**** SOURCE DATA ****
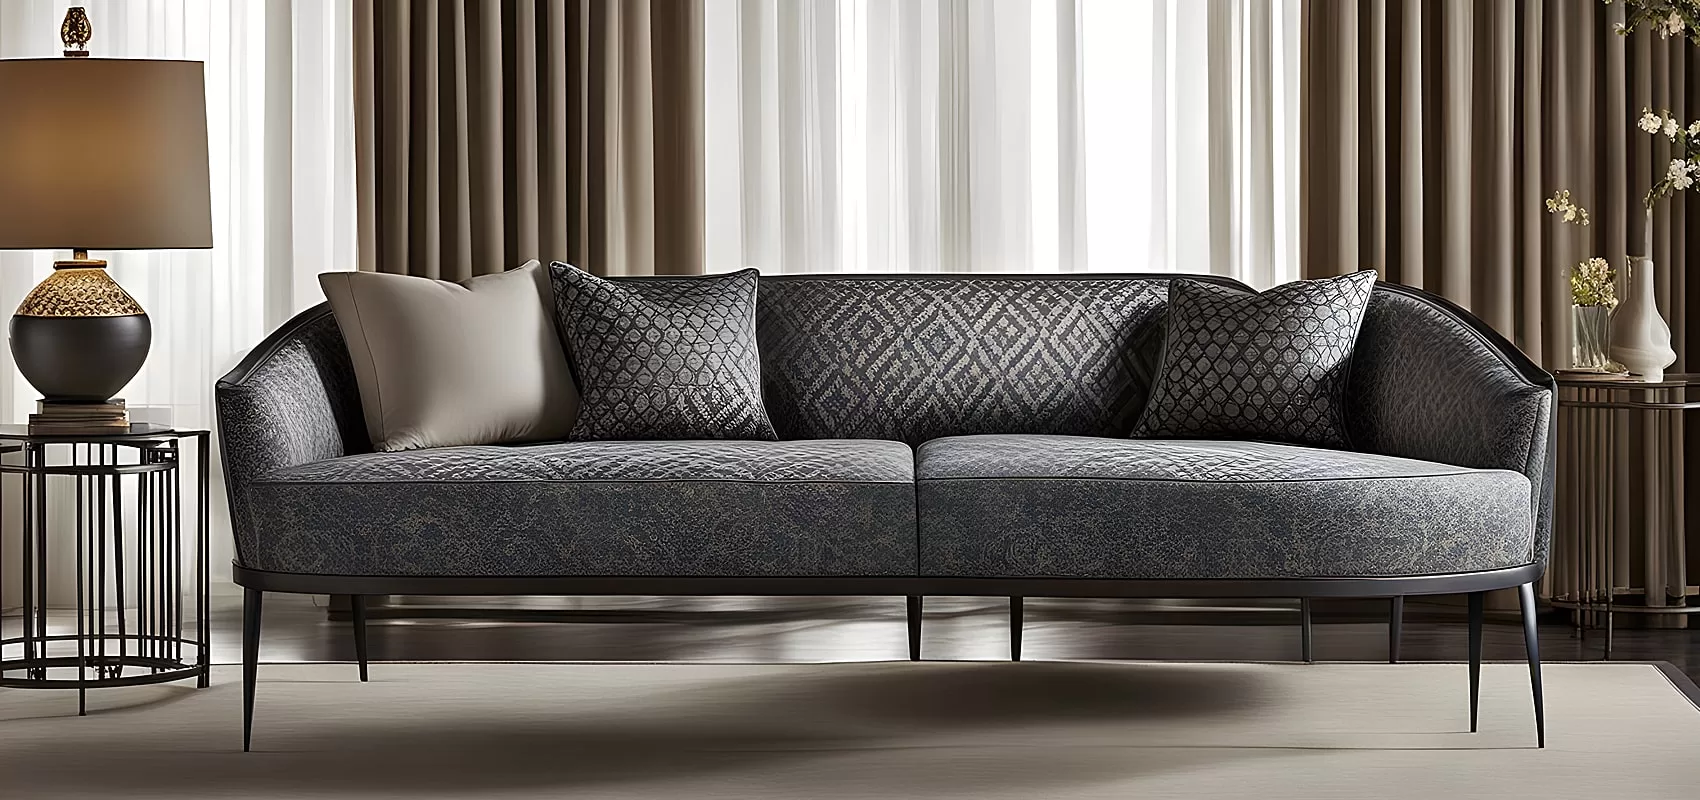 Contemporary Sofa | Contemporary Sofa Set | Contemporary Couches 
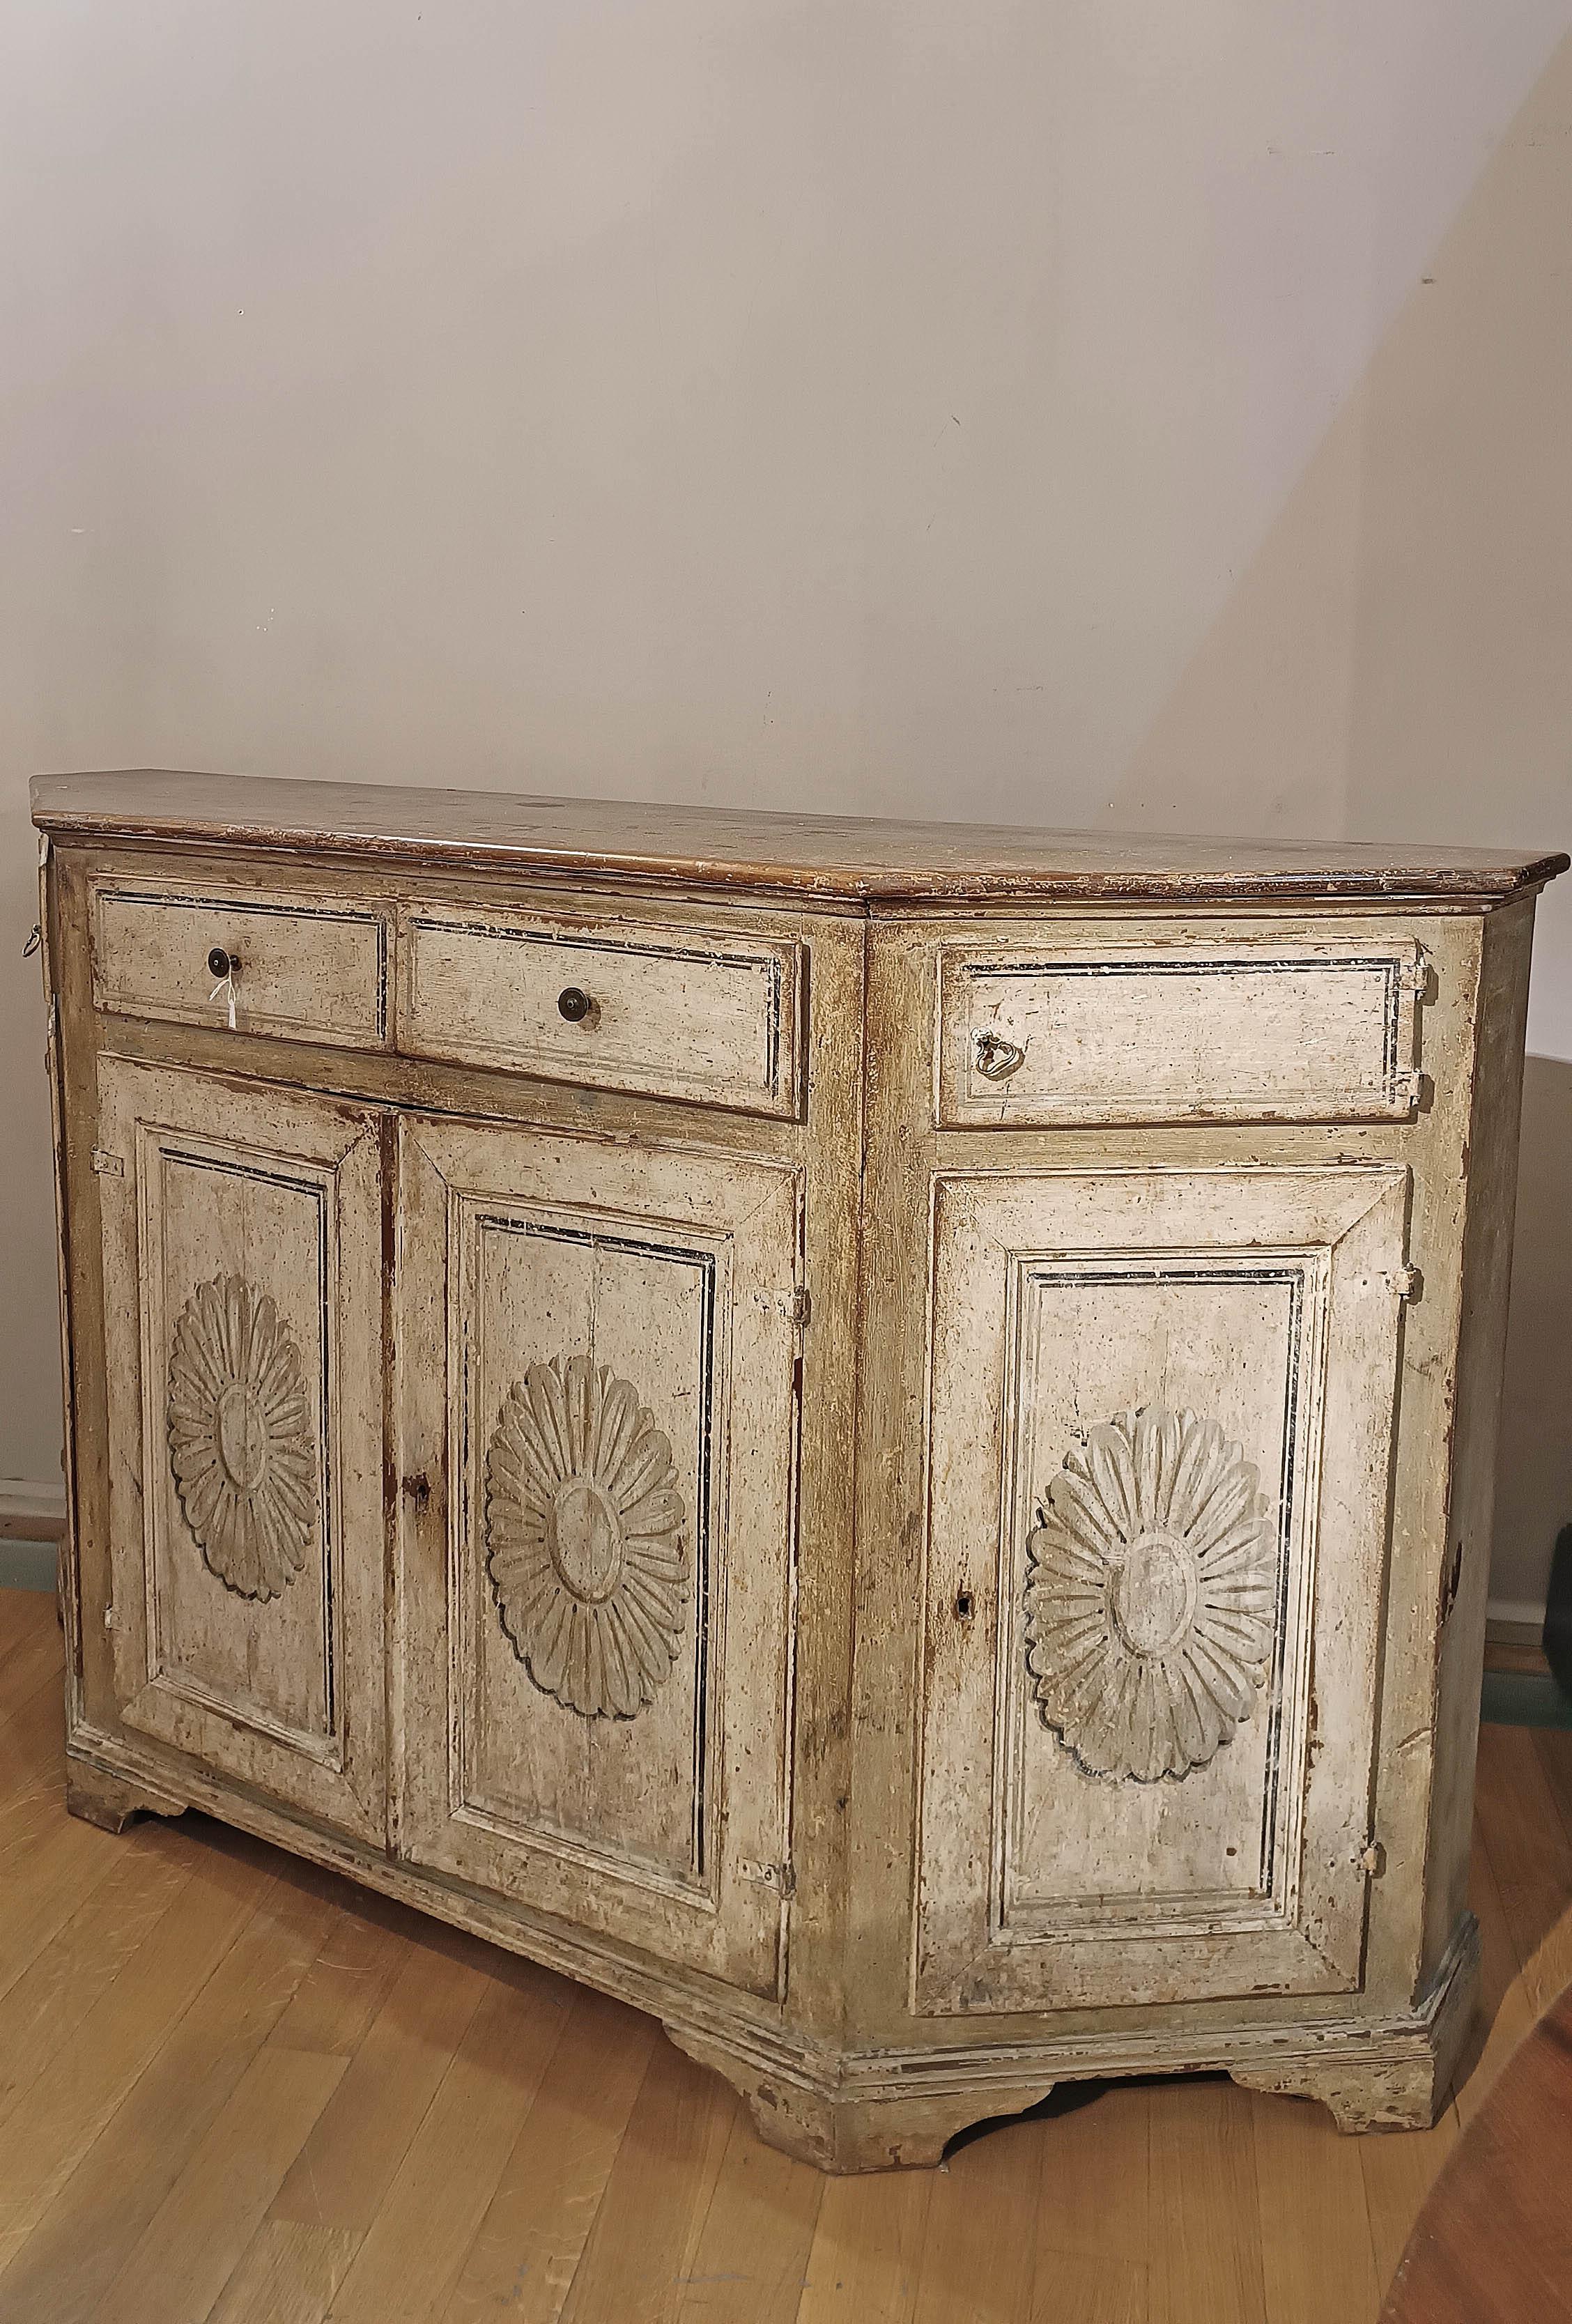 Beautiful neoclassical sideboard in solid wood painted with gray colors and decorations typical of the Louis XVI period. The shelf feet also give it a timeless elegance. On the upper part the sideboard has two drawers and two doors, the latter along
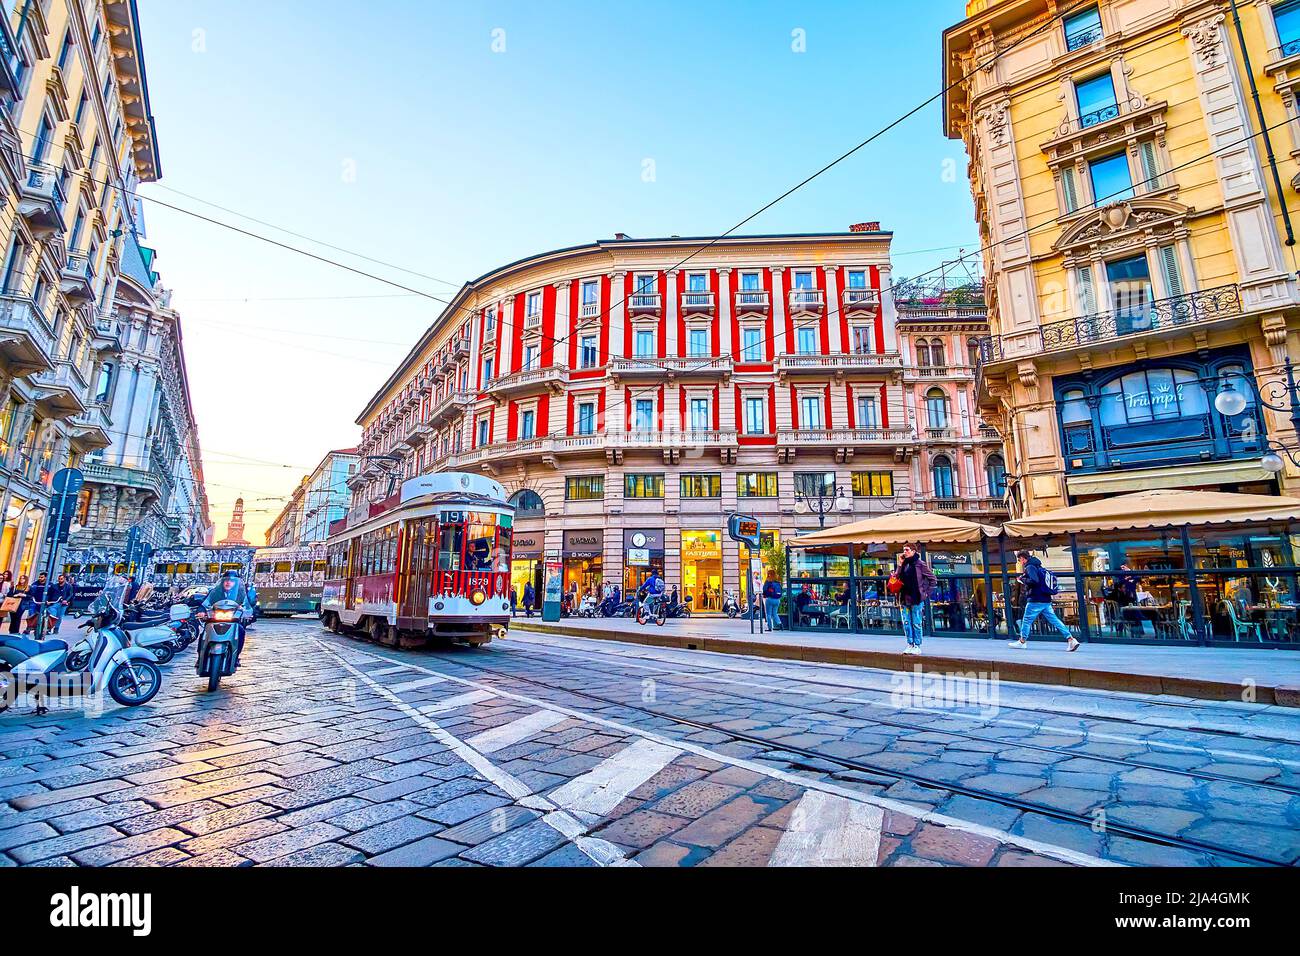 MILAN, ITALY - APRIL 5, 2022: The old vintage tram rides along Via Dante street in central district, on April 5 in Milan, Italy Stock Photo
****
INSTRUCTIONS TO FOLLOW: Print the listing again exactly as it appears, except for the pictures, which stay out.

REPLY TO THE TASK:
 Contemporary Sofa | Contemporary Sofa Set | Contemporary Couches 
 Beautiful neoclassical sideboard in solid wood painted with gray colors and decorations typical of the Louis XVI period. The shelf feet also give it a timeless elegance. On the upper part the sideboard has two drawers and two doors, the latter along
 MILAN, ITALY - APRIL 5, 2022: The old vintage tram rides along Via Dante street in central district, on April 5 in Milan, Italy Stock Photo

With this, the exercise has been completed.